Philip Mendoza （1898-1973）
Spanish illustrator Angel Domingue, limited edition £150
German illustrator, picture book,40pages
No word from Hares-Stryker. I feel as if I missed her by just this tiny bit. Oh, well.
I did manage to find a very cheap copy of Beyond the Wild Wood while I was playing on half.com. $1.12 plus shipping, and it's an ex-library book. But except for the inconspicuous label on the spine and a stamp or two inside, the book is in perfect condition. It'll be a serious pleasure to read it.
I just found an unusual sort-of illustrated version of The Wind in the Willows, available from Spineless Classics online:
The company's gimmick is printing the whole text of a book on a poster, with a design that is appropriate to the book:
>33 fuzzi: I think I'd want to hang a magnifying glass next to the poster.
I continue to enjoy this pursuit.
As skullduggery says above, David Petersen is well known for his Mouse Guard series, which I've enjoyed. Someone convinced him to illustrate the entire WITW.
It was published last year.
I didn't check, but it appears to be the entire text of the original.
Petersen seems to have borrowed heavily from other prior illustrators, and he says as much in his dedication: "to the illustrators of Grahame's tale who came before and forged a visual path for me to wander."
I'd say most like Eric Kincaid and Ernest Shepard, with a touch of Michael Hague and Don Daily.
It is lush and visually satisfying. Though it doesn't describe the art technique, Petersen's short bio mentions that his BFA is in Printmaking. Ah! Thus the heavy black lines throughout the prints.
Too many black & white illustrations. Petersen's work is meant to have color!
Ratty seems too solemn and formal.

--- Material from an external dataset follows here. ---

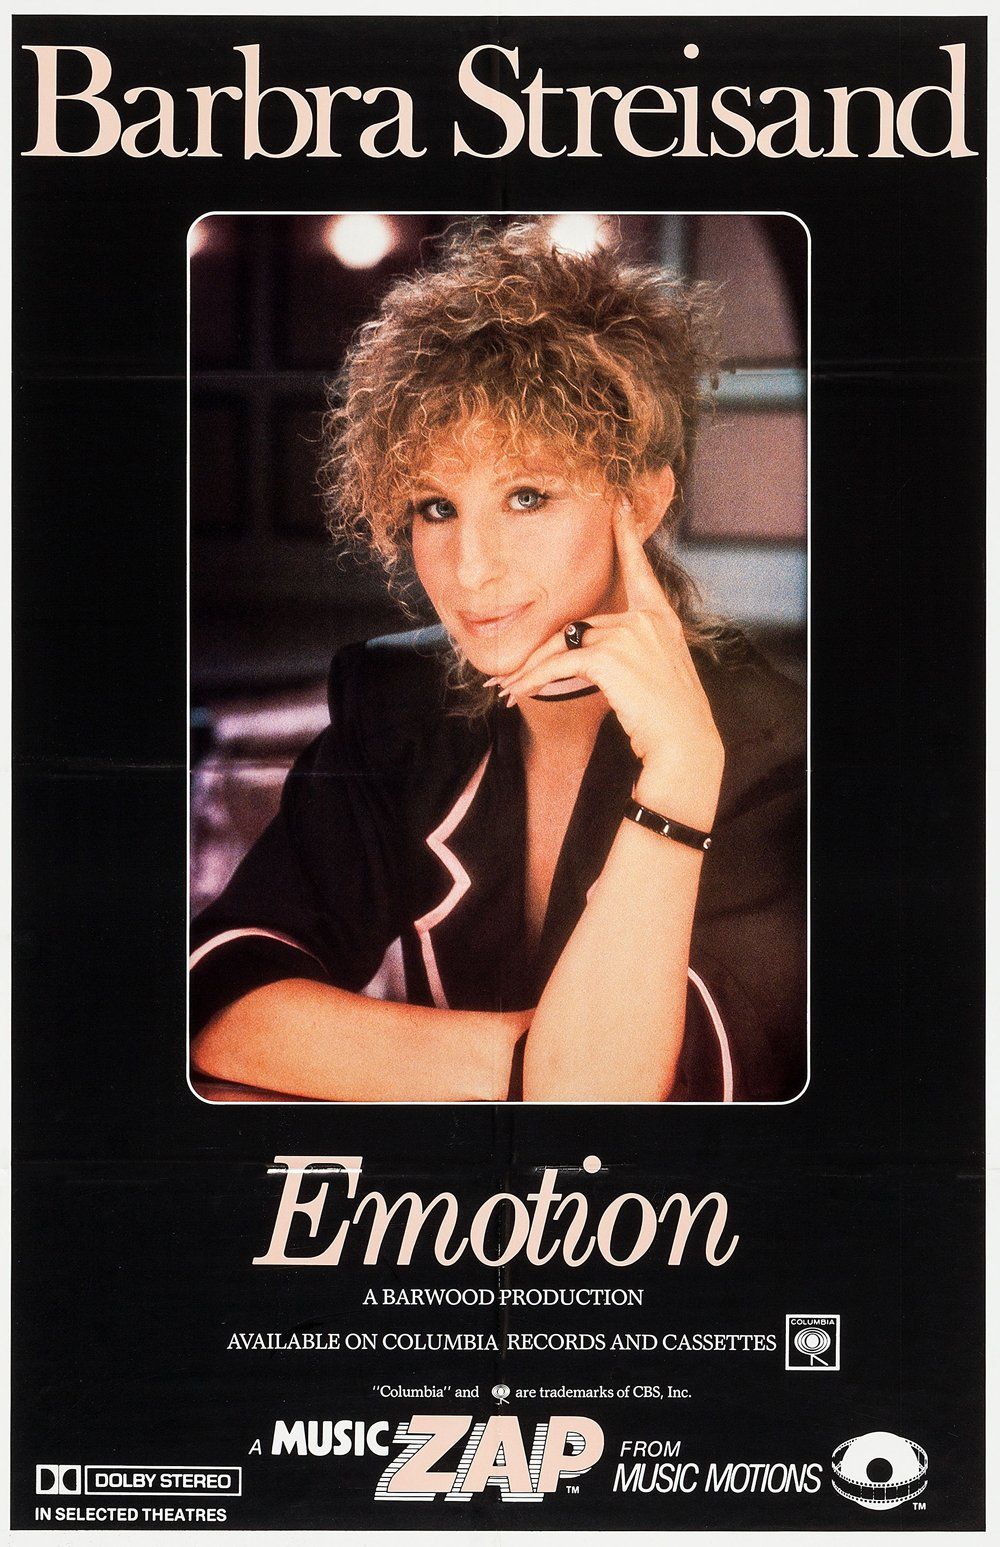 Theatrical poster for Streisand's music video of

Always in a coat, and never smiling.
But all 'round a good solid collection.
DK (Dorling Kindersley) has a Young Classics series.
Sally Grindley adapted the text, producing 6 chapters and Eric Copeland illustrated the book.

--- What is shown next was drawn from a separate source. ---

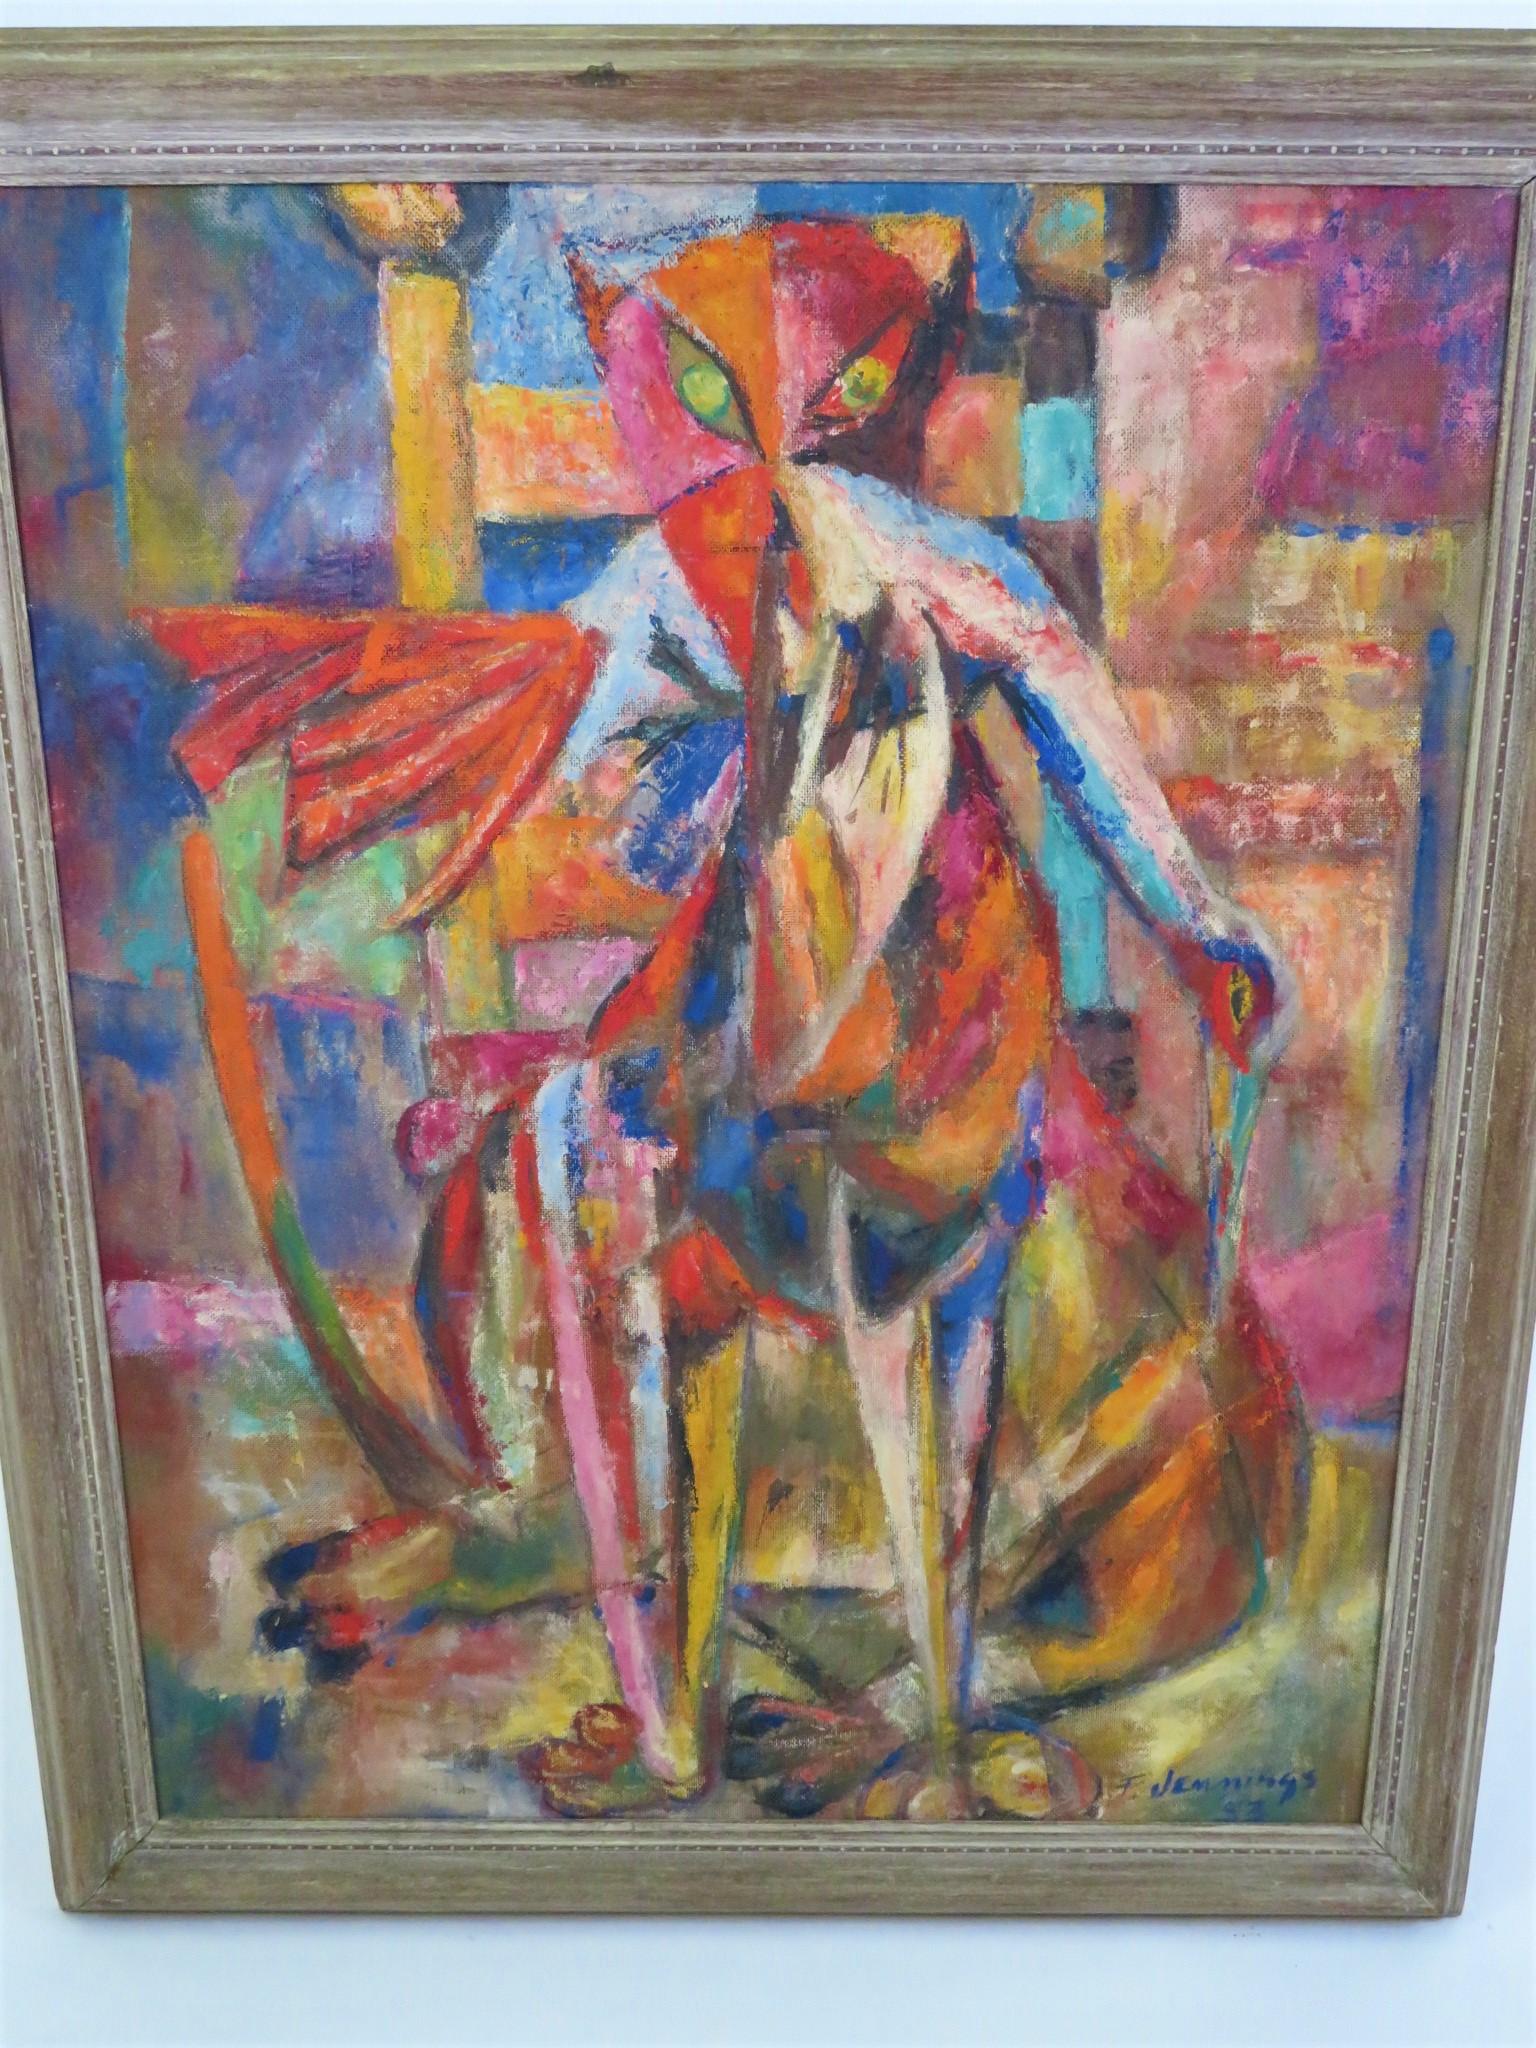 Francis Jennings (b. Wilmington, DE 1910 - 1993 NYC) painted this framed surreal cubist oil on board in 1953 while residing in NYC. In vivid colors, Jennings depicted a large cat with a large bird in his mouth, probably bringing indoors as a gift to

Copeland’s watercolors do not stint on color, detail and action. It is a good piece of work. The first chapter especially meets the Riverbank and does it justice. The ebullience of spring can almost be smelled. Characters are what you’d expect, without any oddities or outstanding notes. Casual dress is allowed.
Many pages contain a box with a photo or illustration from Edwardian times that helps to contextualize parts of the story that might seem odd to young readers. For instance, there is a note about badgers and their seasonal habits.
My favorite illustration is Rat pulling Mole from his dip in the river.
(It's possible I've noted this edition before. I see I added it in 2014.)